Anak didik yang sakit, tidak bergairah belajar, terlambat masuk sekolah, belum
menguasai bahan pelajaran, berpakaian sembarangan, berbuat yang tidak baik,
terlambat membayar uang sekolah, tak punya pakaian seragam, dan sebagainya,
semuanya menjadi perhatian guru.
Karena besarnya tanggung jawab
guru terhadap anak didiknya, hujan dan panas bukanlah menjadi penghalang bagi
guru untuk selalu hadir di tengah-tengah anak didiknya. Guru tidak pernah
memusuhi anak didiknya meskipun suatu ketika ada anak didiknya yang berbuat
kurang sopan pada orang lain. Bahkan dengan sabar dan bijaksana guru memberikan
nasihat bagaimana cara bertingkah laku yang sopan pada orang lain. Karena profesinya
sebagai guru adalah berdasarkan panggilan jiwa, maka bila guru melihat anak
didiknya senang berkelahi, meminum minuman keras mengisap ganja, datang ke
rumah-rumah bordil dan sebagainya, guru merasa sakit hati. Siang atau
malam selalu memikirkan bagaimana caranya agar anak didiknya itu dapat dicegah
dari perbuatan yang kurang baik, asusila, dan amoral.

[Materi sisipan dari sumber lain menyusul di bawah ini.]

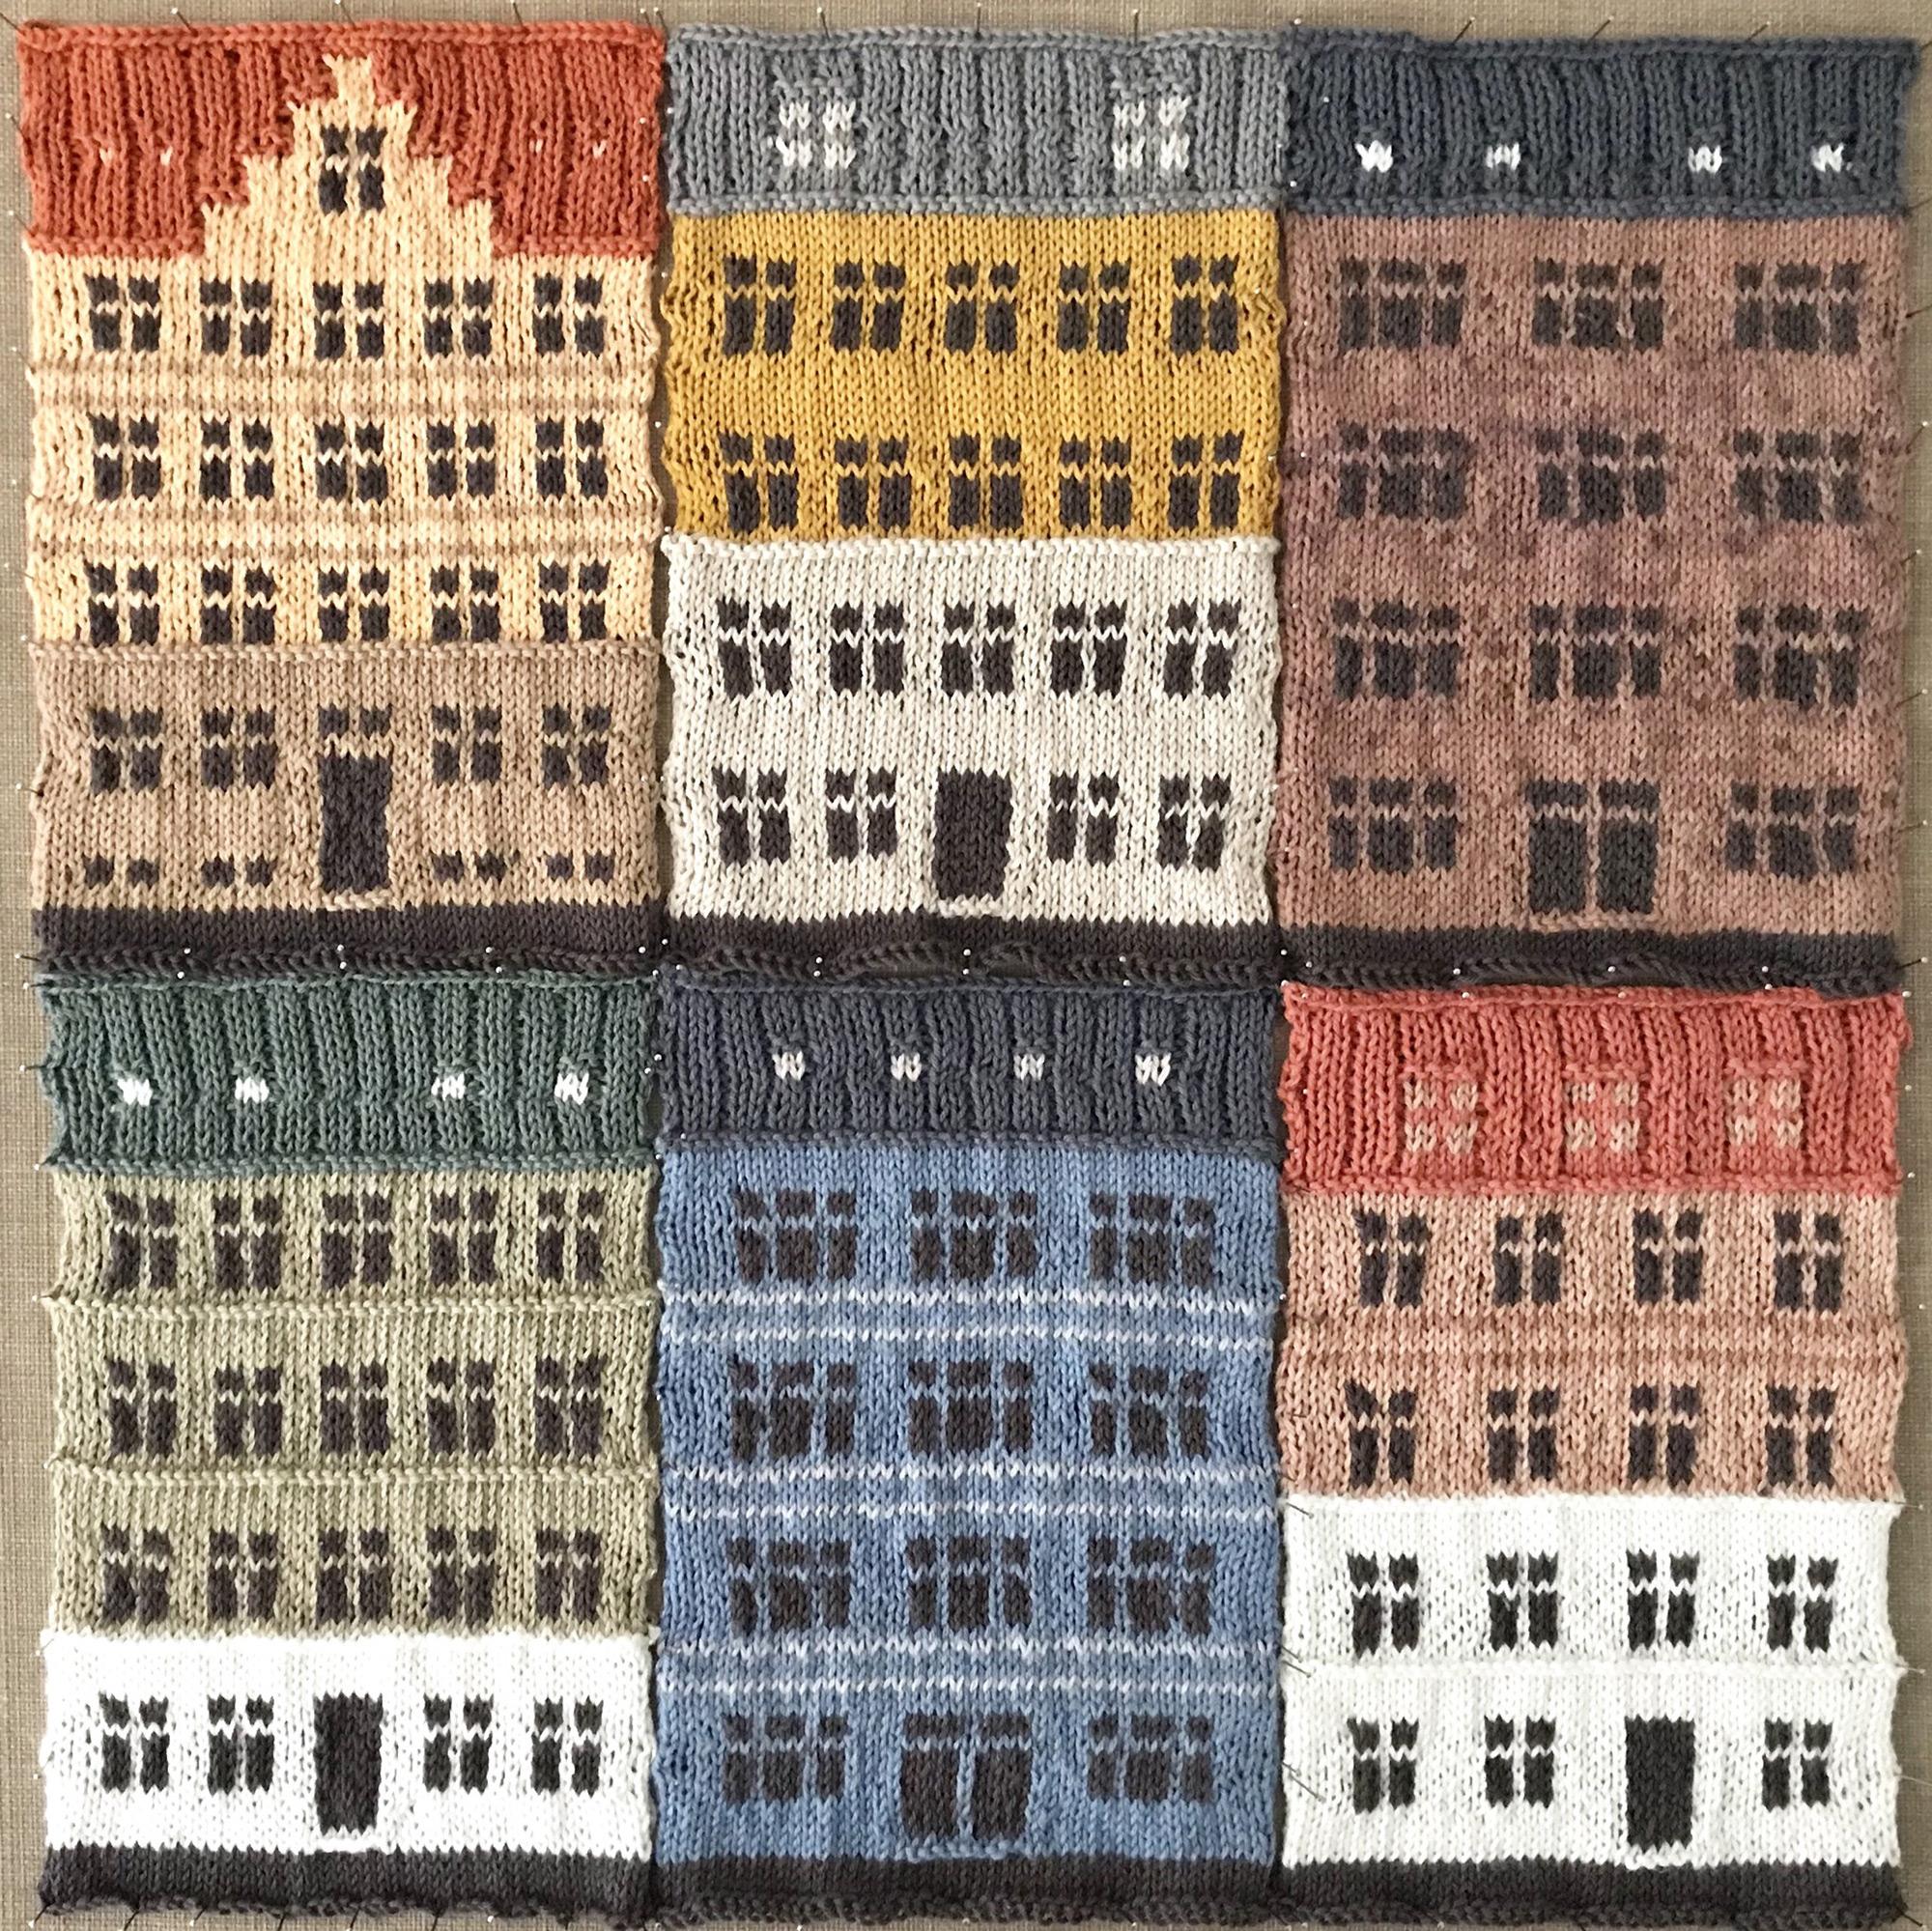 Copenhagen's Distinct Architecture Knit into Color-Blocked Urban Landscapes by Jake Henzler
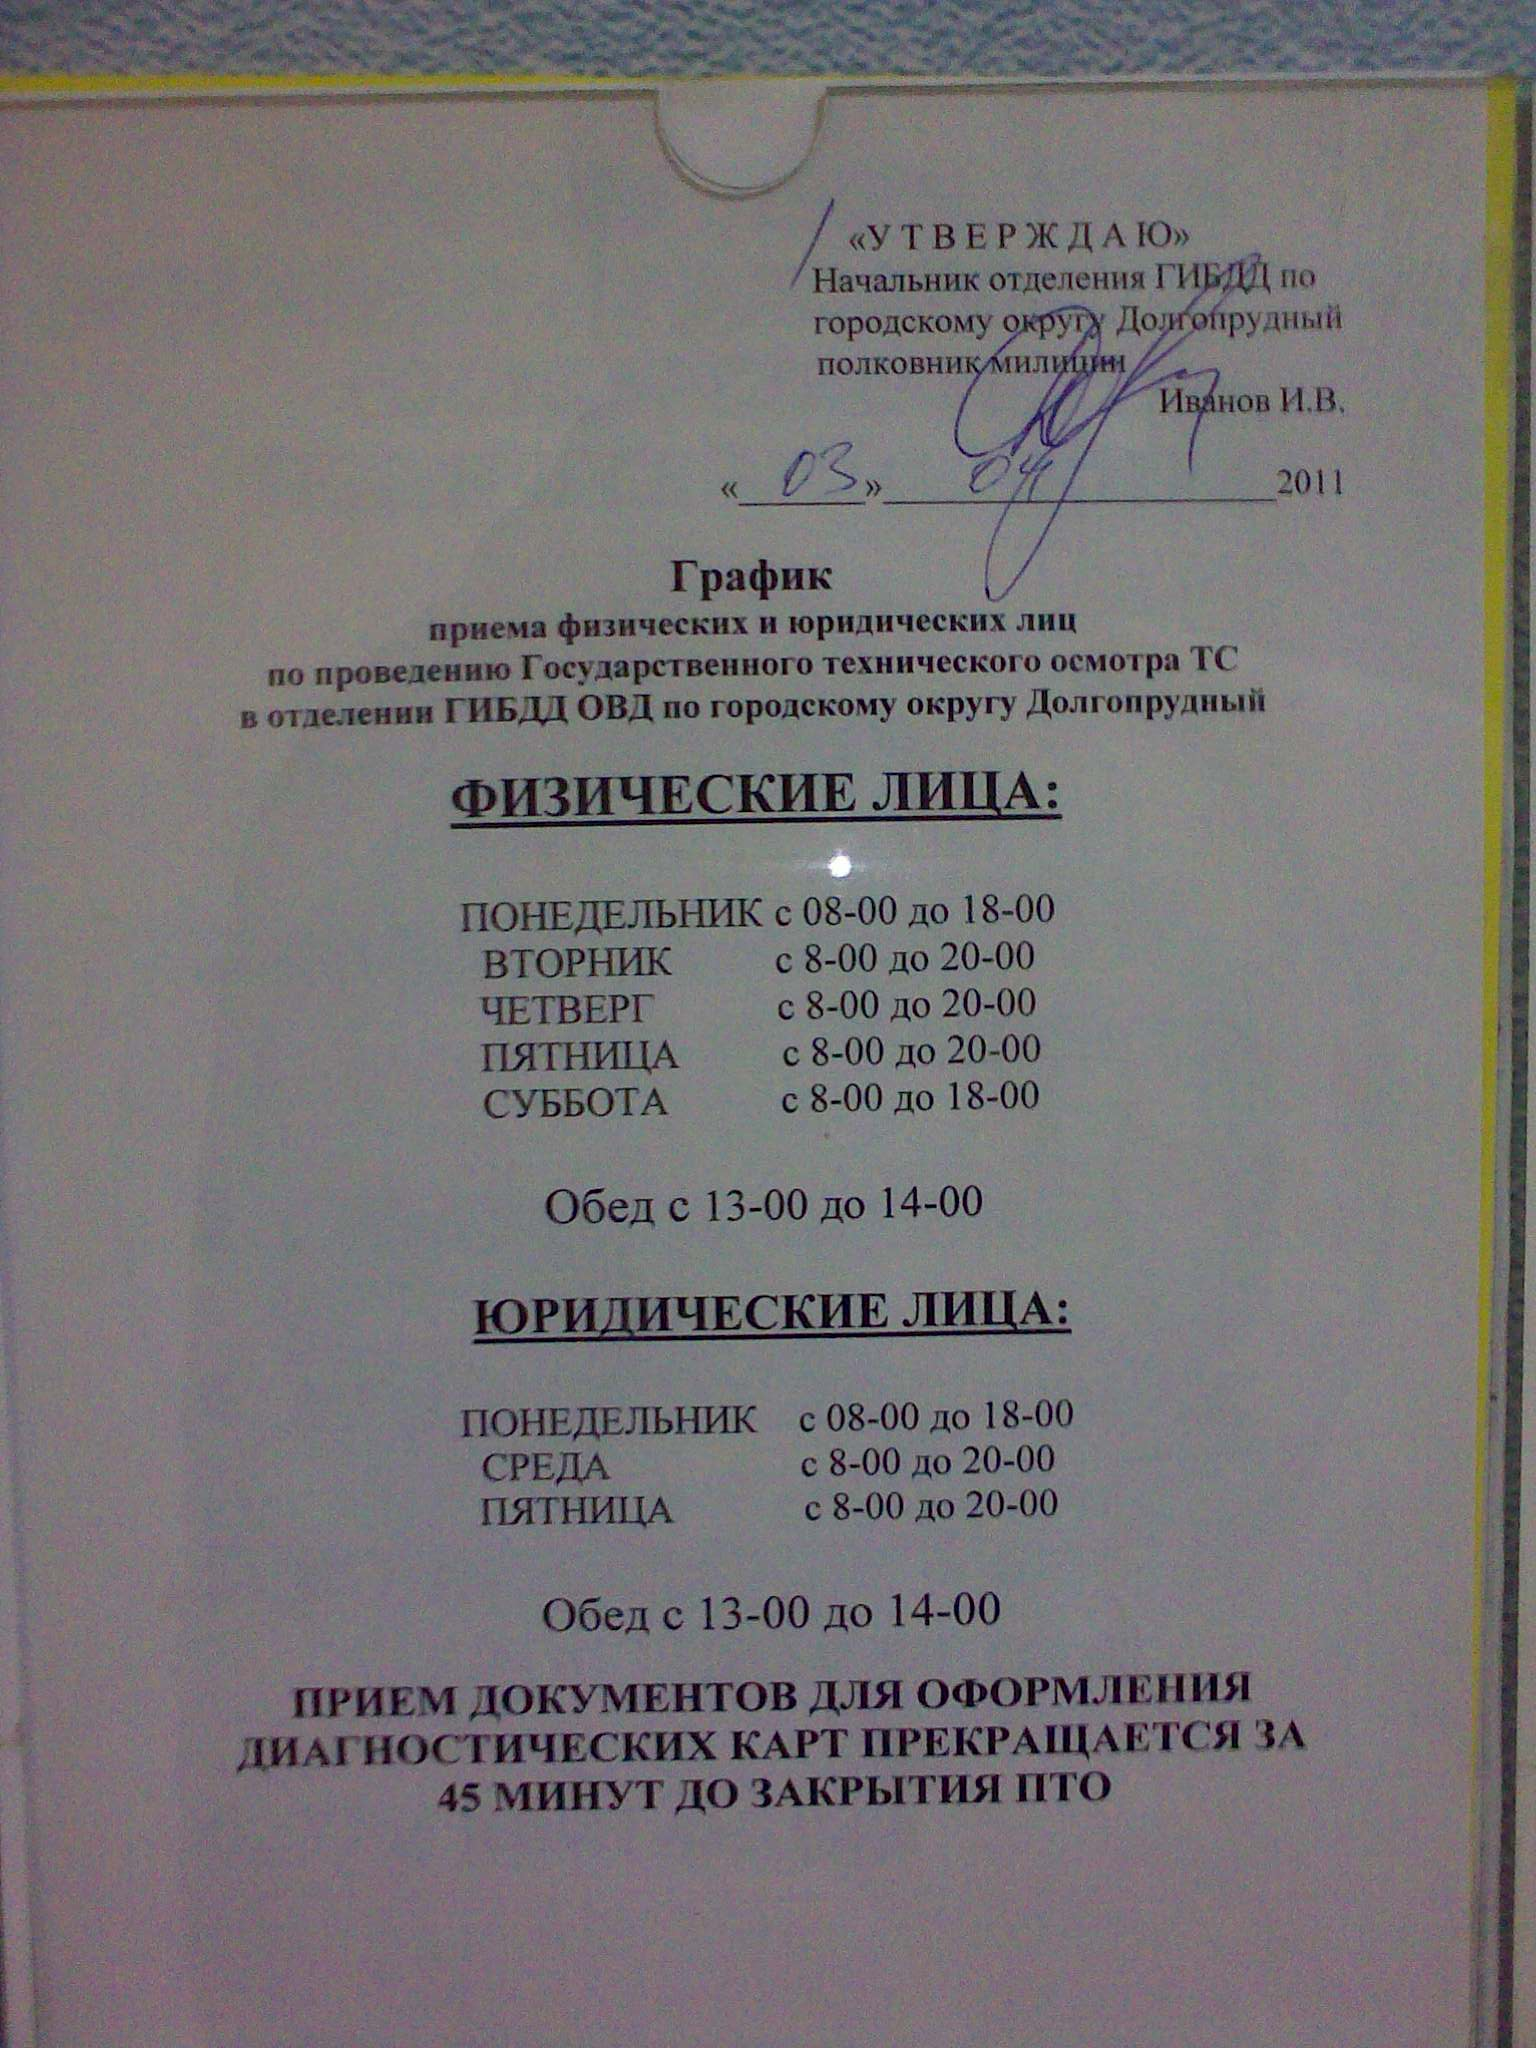 http://forum.darnet.ru/img_attach/761.jpg

1. Tentang umur, harus sudah dewasa
Tugas mendidik adalah tugas yang
amat penting karena menyangkut perkembangan seseorang, jadi menyangkut nasib
seseorang. Oleh karena itu, tugas itu harus dilakukan secara bertanggung jawab.
Itu hanya dapat dilakukan oleh orang yang telah dewasa. Di Negara kita,
seseorang dianggap dewasa sejak ia berumur 18 tahun atau dia sudah kawin.
Menurut ilmu pendidikan adalah 21 tahun bagi lelaki dan 18 tahun bagi
perempuan. Bagi pendidik asli, yaitu orang tua anak, tidak dibatasi umur
minimal bila mereka telah mempunyai anak, maka mereka boleh mendidik anaknya.
Dilihat dari segi ini, sebaiknya umur kawin ialah 21 bagi lelaki dan minimal 18
bagi perempuan.
2. Tentang kesehatan, harus sehat jasmani dan rohani
Jasmani yang tidak sehat akan
menghambat pelaksana pendidikan, bahkan dapat membahayakan anak didik bila
mempunyai penyakit menular. Dari segi rohani, orang gila berbahaya juga bila ia
mendidik. Orang idiot tidak mungkin mendidik karena ia tidak akan mampu
bertanggung jawab.
3. Tentang kemampuan mengajar, ia harus ahli
Ini penting sekali bagi pendidik,
termasuk guru. Orang tua di rumah sebenarnya perlu sekali mempelajari
teori-teori ilmu pendidikan. Dengan pengetahuannya itu diharapkan ia akan lebih
berkemampuan menyelenggarakan pendidikan bagi anak-anaknya di rumah. Sering
kali terjadi kelainan pada anak didik disebabkan oleh kesalahan pendidikan di
dalam rumah tangga.
4. Harus berkesusilaan dan berdedikasi tinggi
Syarat ini amat penting dimiliki
untuk melaksanakan tugas-tugas mendidik selain mengajar. Bagaimana guru akan
memberikan contoh-contoh kebaikan bila ia sendiri tidak baik perangainya.
Dedikasi tinggi tidak hanya diperlukan dalam mendidik selain mengajar, dedikasi
tinggi diperlukan juga dalam meningkatkan mutu mengajar.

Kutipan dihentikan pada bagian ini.